Work to complete
In the listing that follows, print every line exactly and leave the images out.
(Dataset content Opens)
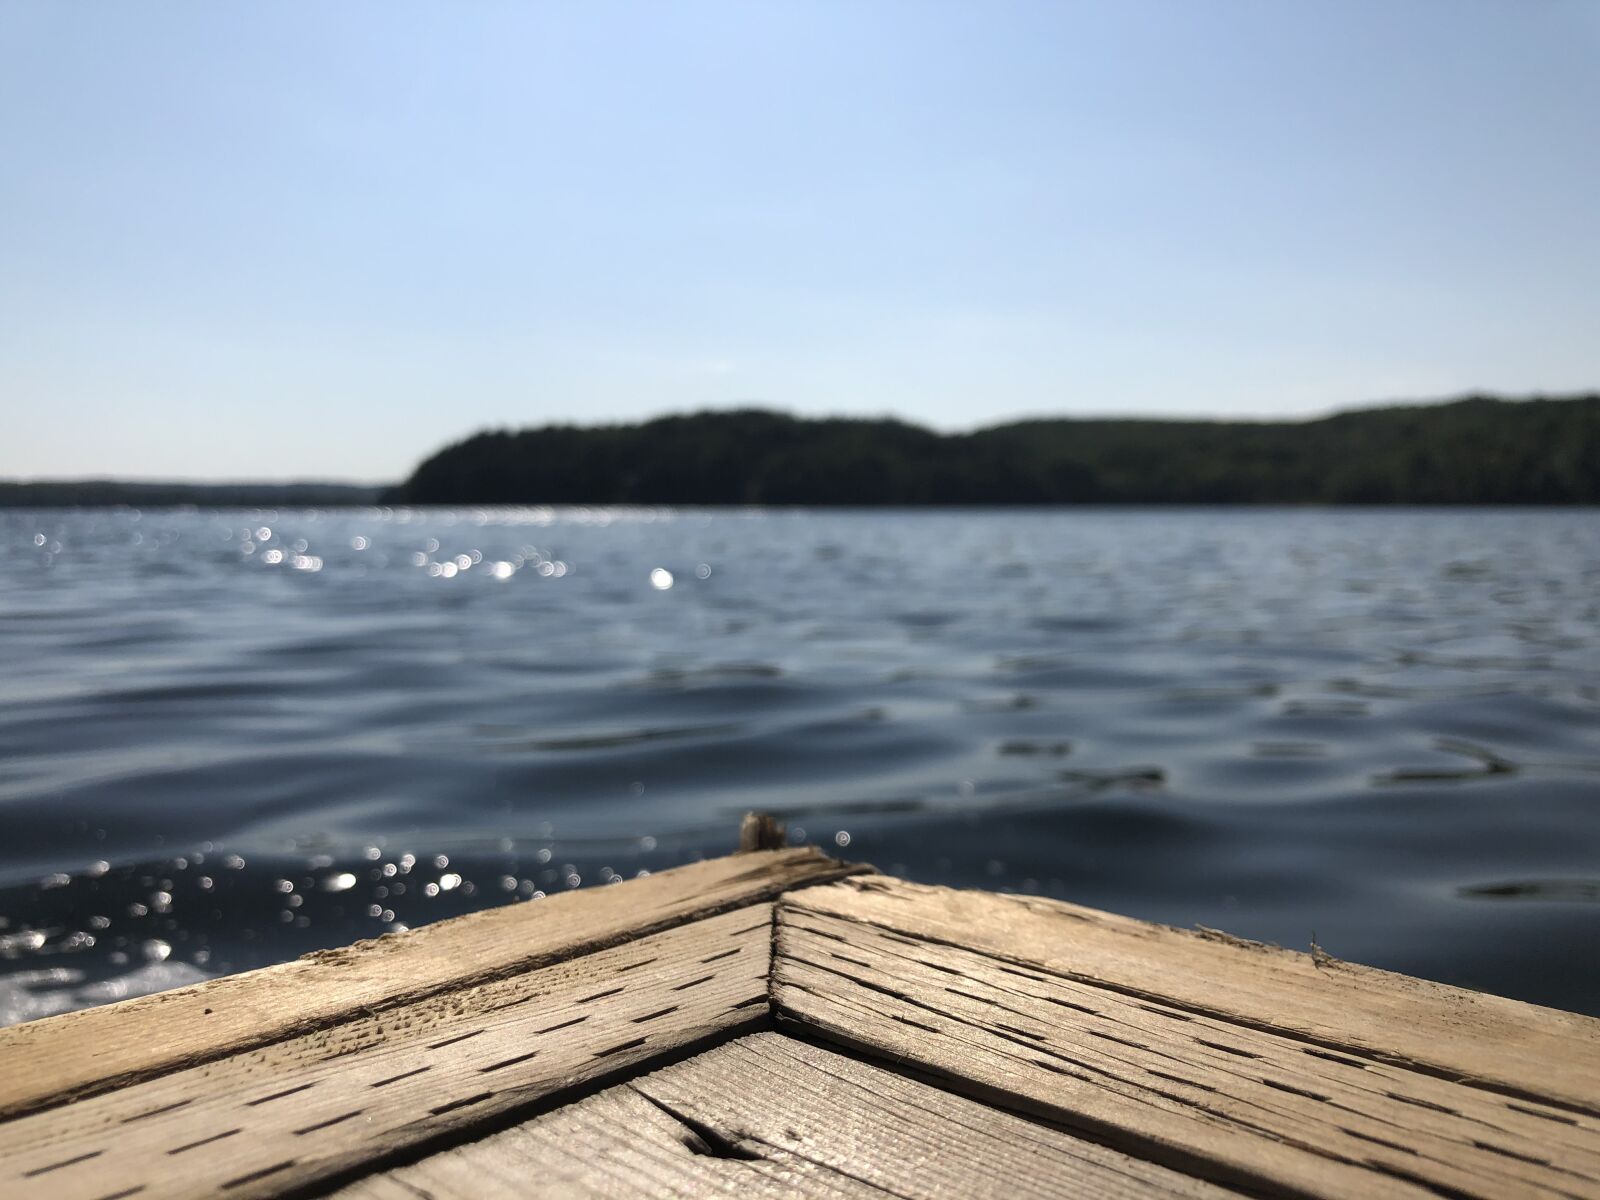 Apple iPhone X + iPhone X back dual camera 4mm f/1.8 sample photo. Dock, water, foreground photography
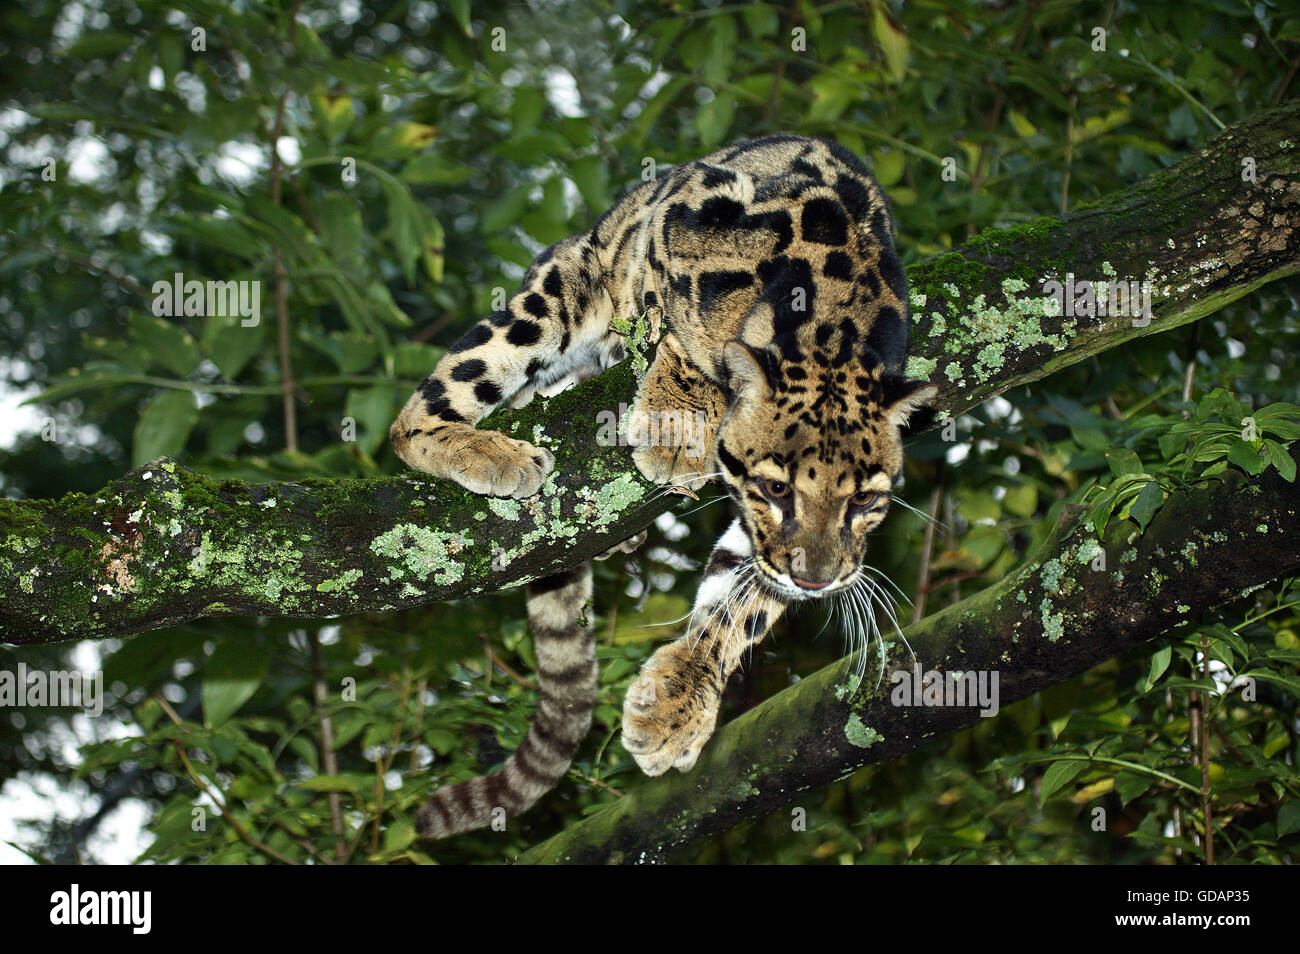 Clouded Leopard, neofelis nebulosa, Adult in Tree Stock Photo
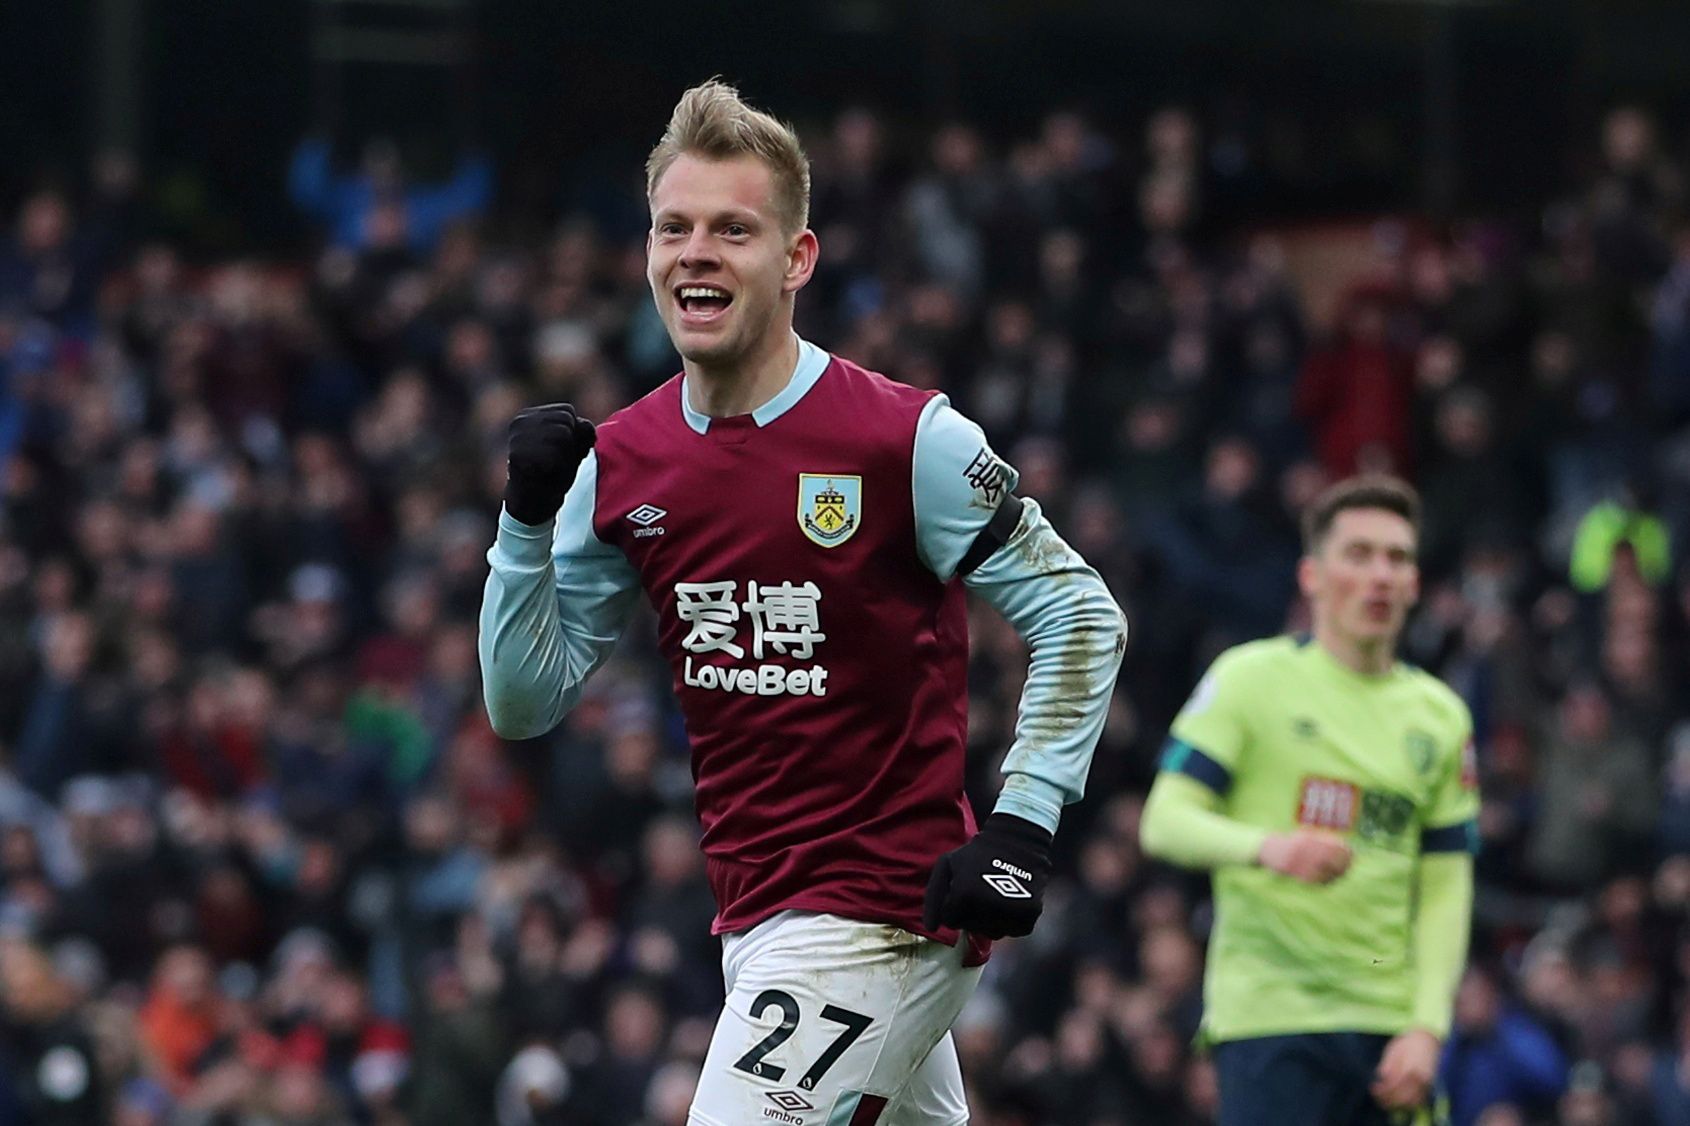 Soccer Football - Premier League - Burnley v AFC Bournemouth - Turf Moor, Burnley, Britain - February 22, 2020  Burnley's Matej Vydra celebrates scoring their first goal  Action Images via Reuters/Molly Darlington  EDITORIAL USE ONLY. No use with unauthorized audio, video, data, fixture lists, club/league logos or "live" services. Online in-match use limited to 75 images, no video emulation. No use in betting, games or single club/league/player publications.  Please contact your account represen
(Dataset content Closes)
Exercise answer
 Apple iPhone X + iPhone X back dual camera 4mm f/1.8 sample photo. Dock, water, foreground photography
 Clouded Leopard, neofelis nebulosa, Adult in Tree Stock Photo
 Soccer Football - Premier League - Burnley v AFC Bournemouth - Turf Moor, Burnley, Britain - February 22, 2020  Burnley's Matej Vydra celebrates scoring their first goal  Action Images via Reuters/Molly Darlington  EDITORIAL USE ONLY. No use with unauthorized audio, video, data, fixture lists, club/league logos or "live" services. Online in-match use limited to 75 images, no video emulation. No use in betting, games or single club/league/player publications.  Please contact your account represen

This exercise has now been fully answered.